Schilling's absence continues to mystify me. He's the best big-game pitcher of my lifetime and even if he didn't quite hit some longevity benchmarks, it's not like 216 wins and 3,200 innings are embarrassing.

Halladay is likely to make it on the first ballot despite fewer wins and innings, thanks to a pair of Cy Young Awards. Schilling finished in the top four four times and might've won twice, except for the dominance of Arizona teammate Randy Johnson.

Schilling retired with the best strikeout-to-walk ratio in history (4.38), ushering in the era of the power pitcher with pinpoint command. He has since been passed on that list by Chris Sale (5.3), Corey Kluber, and Stephen Strasburg, but none of them has done it for even 10 years yet and Schilling posted those numbers over 20.

Are his politics keeping him out? I'd like to think not, but they are pretty terrible, if we're being honest. Regardless, he strikes me as the ideal "cause" candidate for those who make it their life's work to put certain players in Cooperstown. His case is too strong, and at some point he'll stop being overlooked.

5. Roy Halladay

I was on the fence about Halladay because we're really only talking 10 years of greatness, once you strip away his slow start and broken-down finish. But then I read Tom Verducci's case in Sports Illustrated and was swayed.

Not only was Halladay a complete-game machine, leading the league seven times, he changed the way the game was pitched, breaking the fastball-curveball power template in favor of cutters and sinkers to both sides of the plate.
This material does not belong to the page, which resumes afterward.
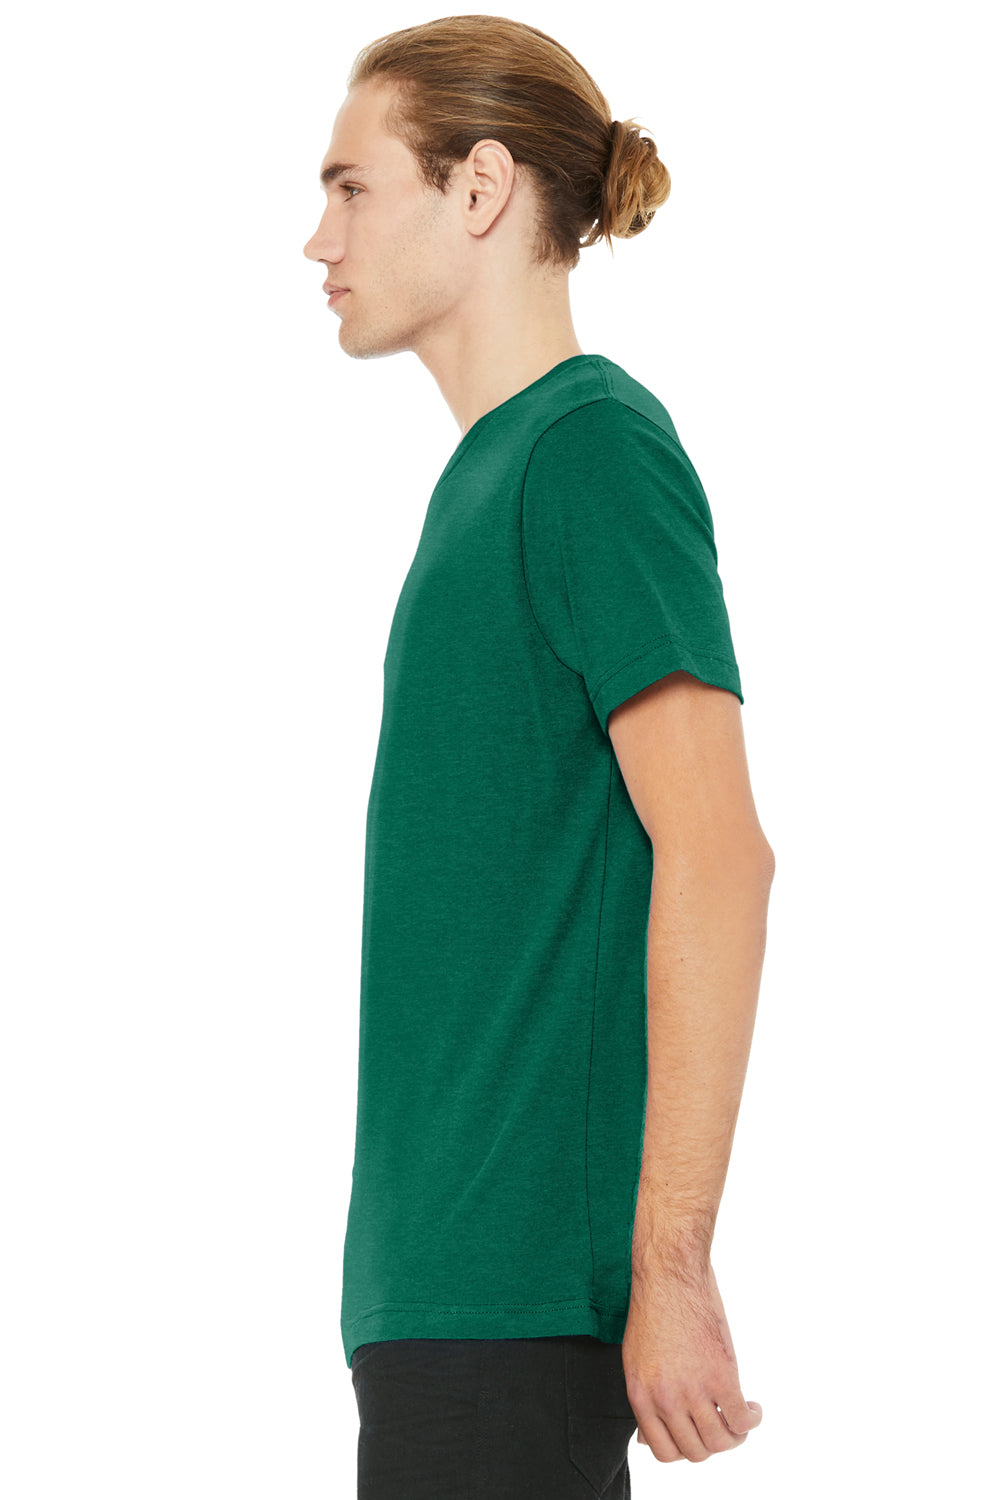 Bella + Canvas BC3005CVC Mens CVC Short Sleeve V-Neck T-Shirt Heather Grass Green Model Side

He owns the fifth-highest winning percentage of all-time (.659) despite playing for only two 90-win teams in his 16-year career.

His tragically pointless death while joyriding in a plane with multiple illicit substances in his system could garner some sympathy votes, but he doesn't need them. He deserves in on his merits.

6. Edgar Martinez

Martinez has always been a borderline candidate for me, but he was such a tremendous pure hitter whose on-base skills made him elite. He's likely to earn enshrinement in his final year on the ballot, and at least his election will pave the way for the next DH with a strong case: David Ortiz.

7. Gary Sheffield

If I have a cause, I guess this is it. Sheffield was not only a monster, he was wildly entertaining to watch, with his menacing waggle and murderous swing.

He also highlights one of the drawbacks of WAR, which tends to reward well-rounded players at the expense of those with one or two game-changing abilities. Sheffield was a Hall of Fame offensive talent who played terrible defense. I believe the former eliminates the need even to consider the latter.

He blasted over 500 homers with a .907 lifetime OPS and produced more than 80 WAR offensively, which ranks 35th all-time, between Rod Carew and Frank Thomas.

I loved watching him hit and freely admit I'm voting viscerally. Not every choice has to be about numbers.